The foregoing would be different only if the claimants could argue that there were sound reasons for lifting the corporate veil. This would be the case if the relationship between Chevron Corporation and Chevron Canada was such that Chevron Canada ‘is completely dominated and controlled and being used as a shield for fraudulent or improper conduct’ by Chevron Corporation. But this was not the case:
‘The evidence does not establish that Chevron Canada is Chevron’s “puppet”. Rather, I find that Chevron and Chevron Canada have a typical parent/subsidiary relationship. Chevron does not exercise complete dominance or control over the affairs of Chevron Canada’.
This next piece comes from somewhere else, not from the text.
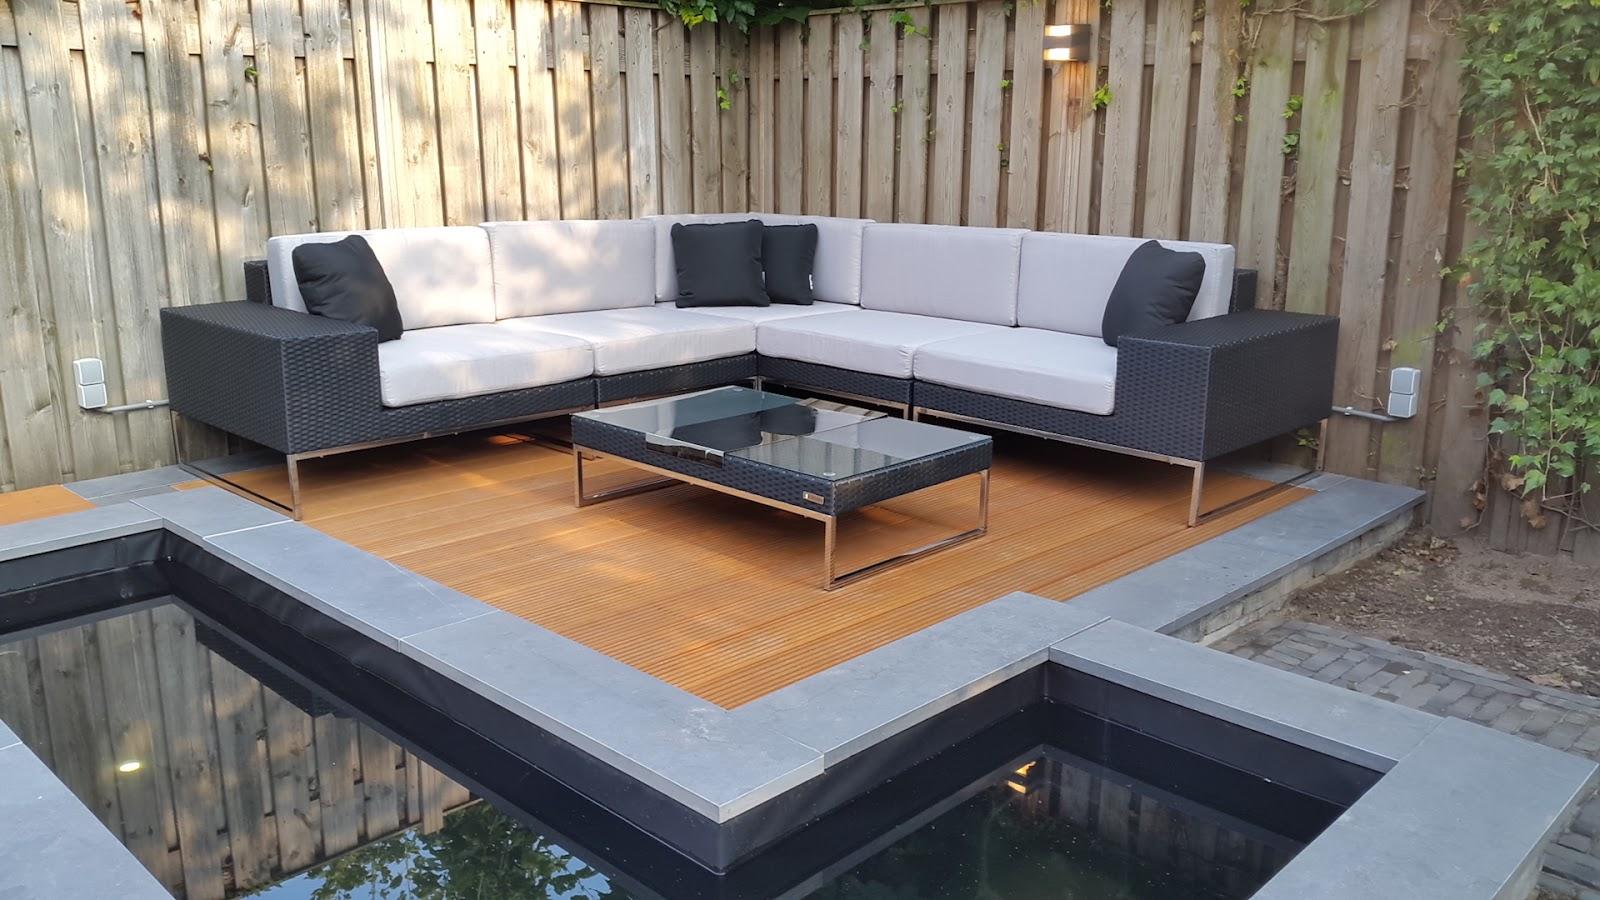 Arbrini design tuinmeubelen: loungeset lineo zwart wicker met rvs

The judgment underlines the difficulties claimants in (international) cases of environmental pollution have in succeeding in their claims where the pollution was caused by an offshore subsidiary company that is part of a corporate group.
Source: Ontario Superior Court of Justice (Hainey J.) January 20 2017, 2017 ONSC 135 (Yaiguaje et al. v. Chevron Corporation, Chevron Canada Limited & Chevron Canada Finance Limited), at: www.ontariocourts.ca, superior court of justice, decisions of the court, search decisions superior court of justice.